Building a Compost Bin

Building a Compost Bin

Aug 11

I keep writing about how important it is to compost your leaves, but I haven’t really talked much about the different types of compost bins you can make to help turn those leaves into valuable soil. Here is how you can make your own using simple and easy to find materials.

The best compost bin I ever saw was one my father made for my mother fifteen years ago. It was composed of four pallets standing on their side and held together with some hinges left over from a remodeling project. He joined three of the sides but left one corner unhinged so he could swing it open and add leaves or take out compost. It was about four feet wide by four feet deep and four feet high. That is a perfect size because it is big enough to generate some heat but not so big that the edges cool off.

I have a nice one at my house that was made from leftover pieces of a chain link fence. I had five posts and about eighteen feet of fence. I sat the posts in the shape of a “C” with the back edge about 10 feet long and four foot sides. It is a double size bin where I stack the fall leaves on one side, the grass from the summer in the other corner and blend them into the middle to speed up the composting process.
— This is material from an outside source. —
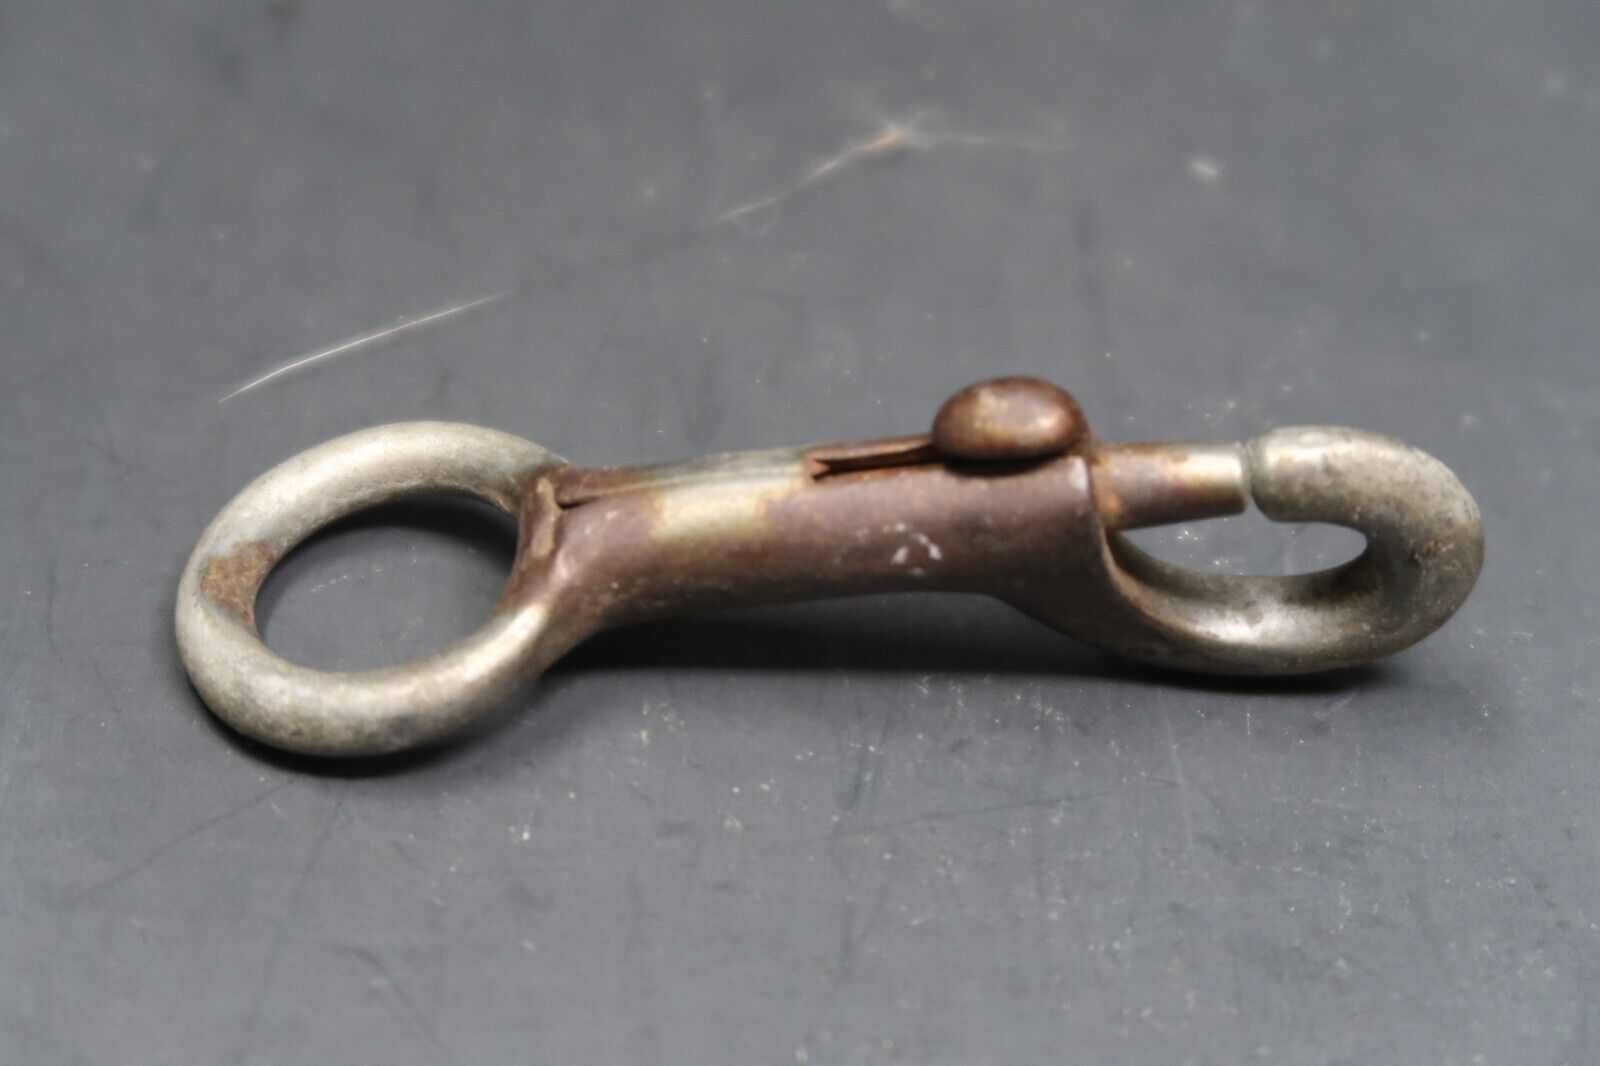 Vintage Steel Bolt Snap Hook With Fixed Eye 3.5"

We built a very nice compost bin a few years ago as a demonstration project using 48 cinder blocks placed in the same “C” shape. I alternated the side of the blocks to have a solid side with the holes so it would have strength and yet allow for plenty of air holes. On the top row we used the alternating holes to make little planter boxes where we grew flowers and some leaf lettuce in season.

I have seen a really nice compost bin in a friend’s midtown backyard that was chicken wire put in a circle and another friend used a door hole blade to make little circles in an oversized plastic trash bin. I have seen compost made in sideways barrels, horse troughs that won’t hold water and backyard cookers that had seen better days. All these types of homemade compost bins had two things in common: they worked just fine and didn’t cost much money.